Synthesis of 2-bromo-1-(1H-benzo[d]imidazol-2-yl)-1-ethanone (3) was achieved according to the reported method [47,50,51,52,53].

General procedure for synthesis of 2-(1-(6-bromo-2-oxo-2H-chromen-3-yl)ethylidene)-N-methyl/phenylhydrazine-1-carbothioamide 2a,b

To a hot solution of the 3-acetyl-6-bromo-2H-chromen-2-one (1.8 mmol) in absolute ethanol (10 mL), 4-methyl/phenyl-thiosemicarbazide (1.8 mmol) and five drops of concentrated HCl were added. The mixture was refluxed for 14–17 h. The reaction mixture was allowed to cool, the formed precipitate was filtered, dried and recrystallized from absolute ethanol to afford the title compounds 2a,b.

General procedure for synthesis of 2-((1-(6-bromo-2-oxo-2H-chromen-3-yl)ethylidene)hydrazino)-3-methyl/phenyl-thiazolidin-4-one 3a,b

To a hot solution of the 2a,b (1.4 mmol) in absolute ethanol (20 mL), ethyl bromoacetate (0.2 g, 1.5 mmol) and anhydrous sodium acetate (0.2 g, 2.8 mmol) were added. The reaction mixture was refluxed for 7–12 h. The formed precipitate was filtered, washed with water, dried, and recrystallized from the appropriate solvent to afford the corresponding title compound 3a,b.

General procedure for synthesis of 6-Bromo-3-(1-((3-methyl/phenyl-4-phenylthiazol-2(3H)ylidene)hydrazineylidene) ethyl)-2H-chromen-2-one 4a,b

To a hot solution of the 6-bromocoumarin compound 2a,b (1.4 mmol) in absolute ethanol (20 mL), phenacylbromide (0.3 g, 1.4 mmol) and anhydrous sodium acetate (0.2 g, 2.8 mmol) were added.
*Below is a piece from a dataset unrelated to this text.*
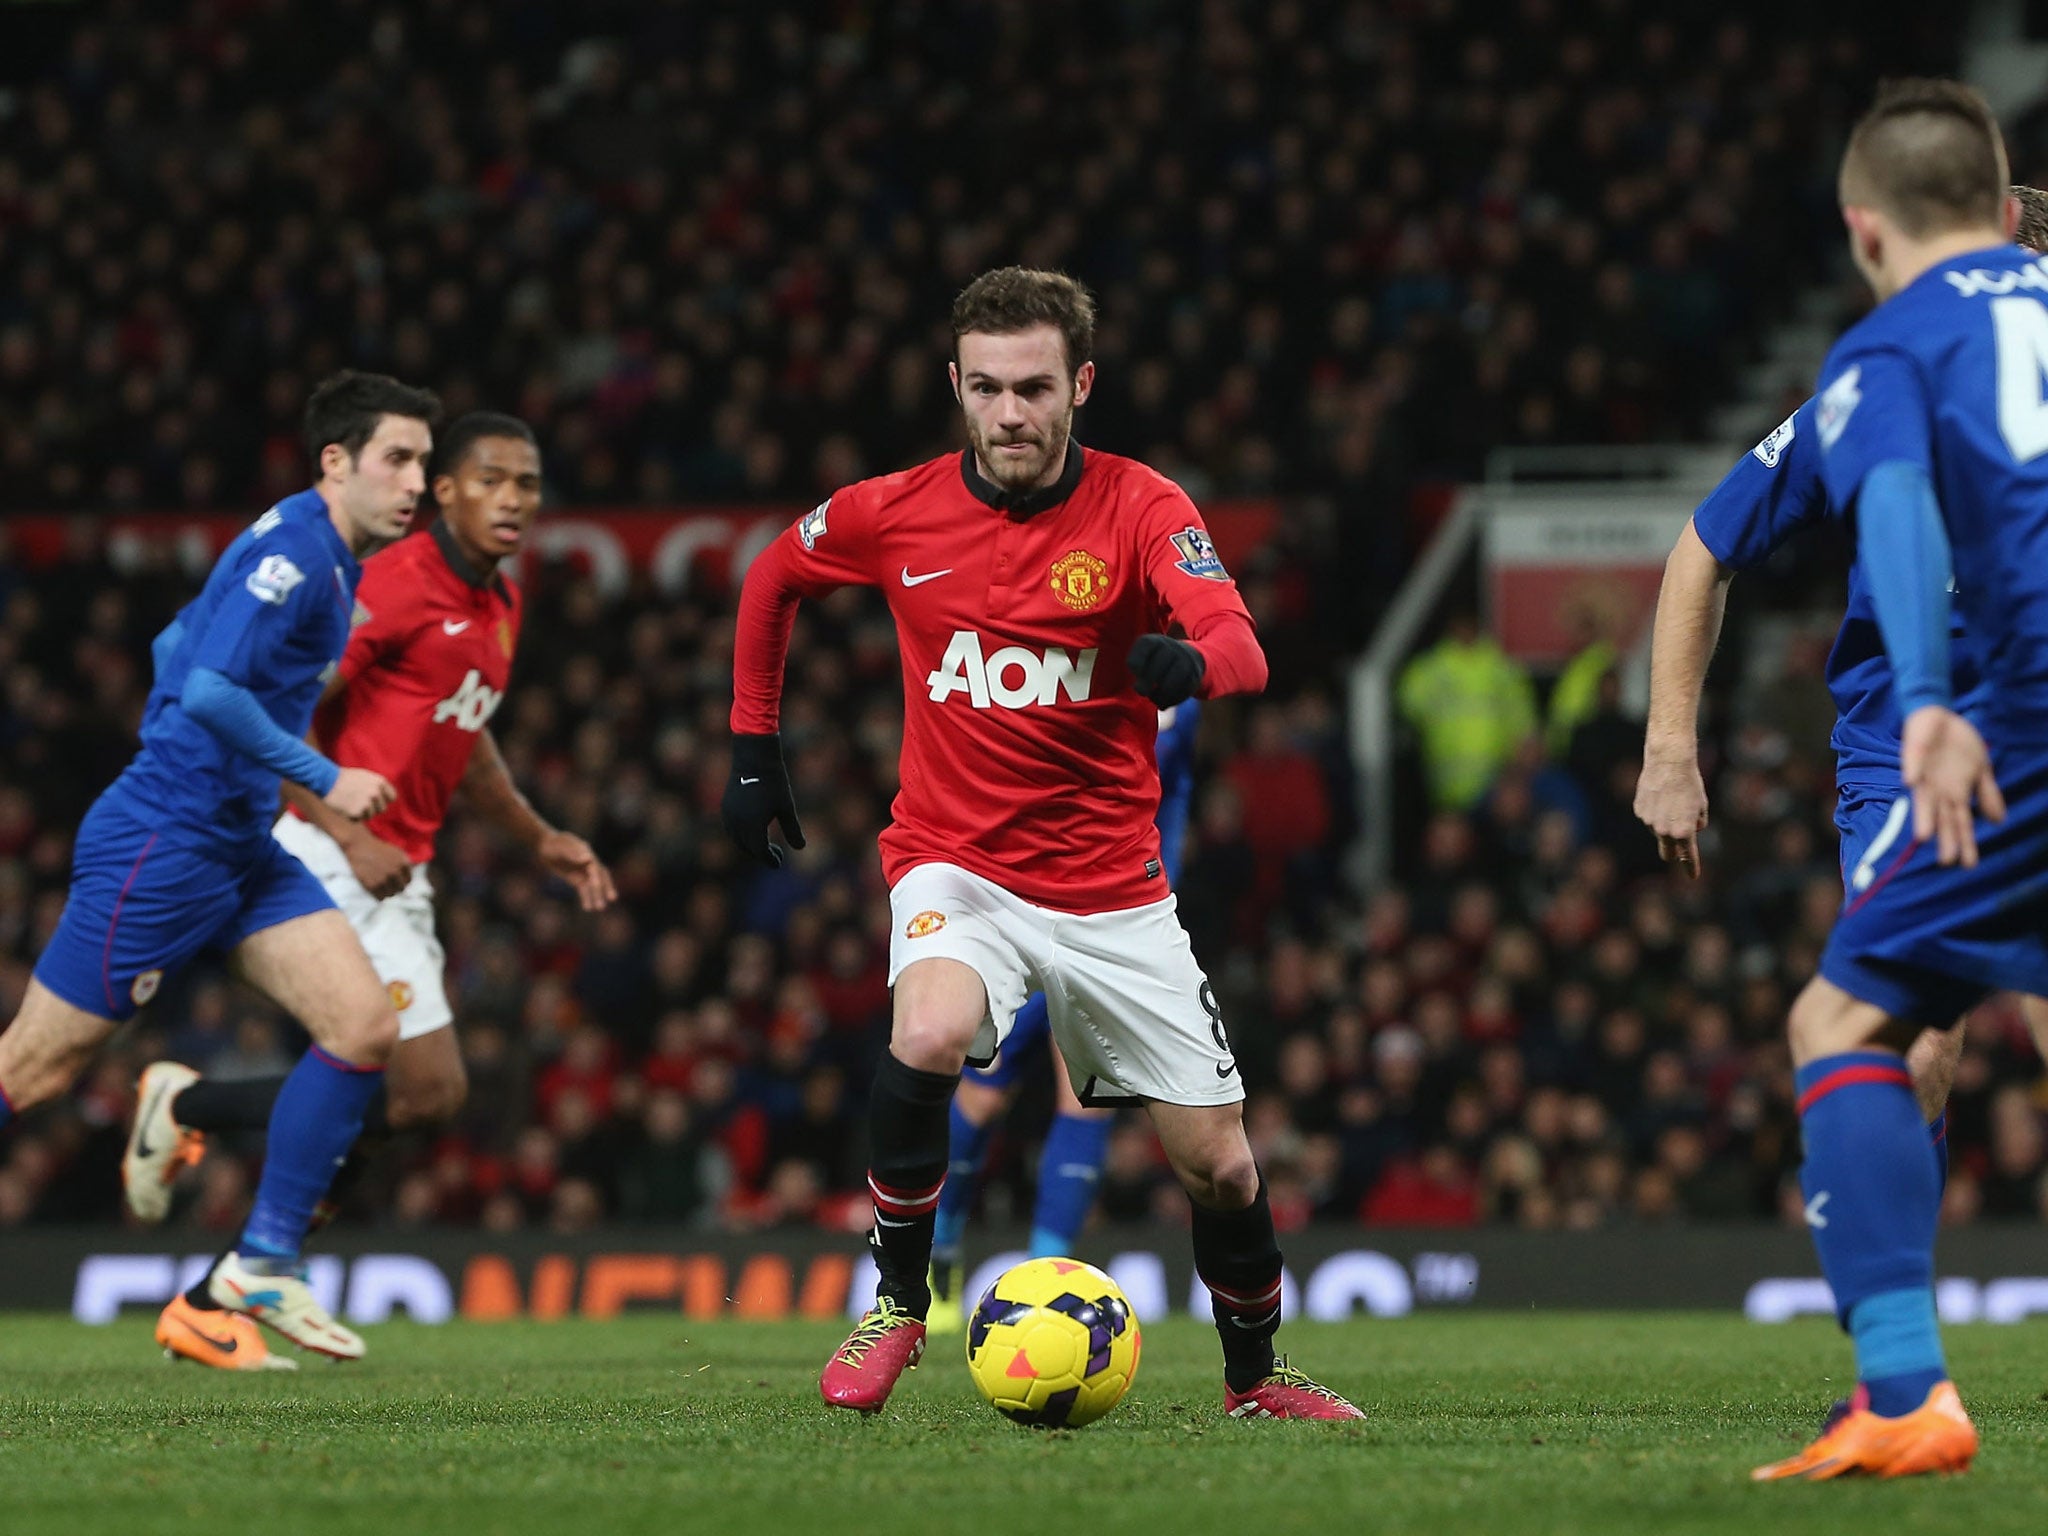 Juan Mata in action on his debut for Manchester United against Cardiff

The reaction mixture was refluxed for 9 h. The formed precipitate was filtered then washed with water, filtered, dried, and recrystallized from the proper solvent to afford the corresponding the title compounds 4a,b.

General procedure for synthesis of bromo-3-(1-((4-(4-bromophenyl)-3-methyl/phenylthiazol-2(3H)-ylidene) hydrazono)ethyl)-2H-chromen-2-one 5a,b

To a hot solution of compound 2a,b (1.2 mmol) in absolute ethanol (20 mL), p-bromophenacylbromide (0.3 g, 1.2 mmol) and anhydrous sodium acetate (0.2 g, 2.4 mmol) were added. The reaction mixture was refluxed for 19 h. After reaction completion, the formed precipitate was filtered while hot then washed with water, filtered, dried, and crystalized from the proper solvent to accomplish the corresponding derivatives 5a,b.

General procedure for synthesis of 2-(2-((1-(6-bromo-2-oxo-2H-chromen-3-yl)ethylidene)hydrazono)-3-methyl/phenyl-4-oxothiazolidin-5-yl)acetic acid 6a,b

To a hot solution of compound 2a,b (1.2 mmol) in toluene (20 mL), maleic anhydride (1.2 mmol) was added. The reaction mixture was refluxed for 16 h till reaction completion, then left to cool. The formed precipitate was filtered, dried, and recrystallized from the proper solvent to afford the corresponding title compounds 6a,b.

General procedure for synthesis of 1-(substituted) thiosemicarbazides (Schiff bases) 7a–i

The synthesis of thiosemicarbazones was carried out according to the reported procedures 57–63 and the brief procedure is provided in (Supplementary Materials).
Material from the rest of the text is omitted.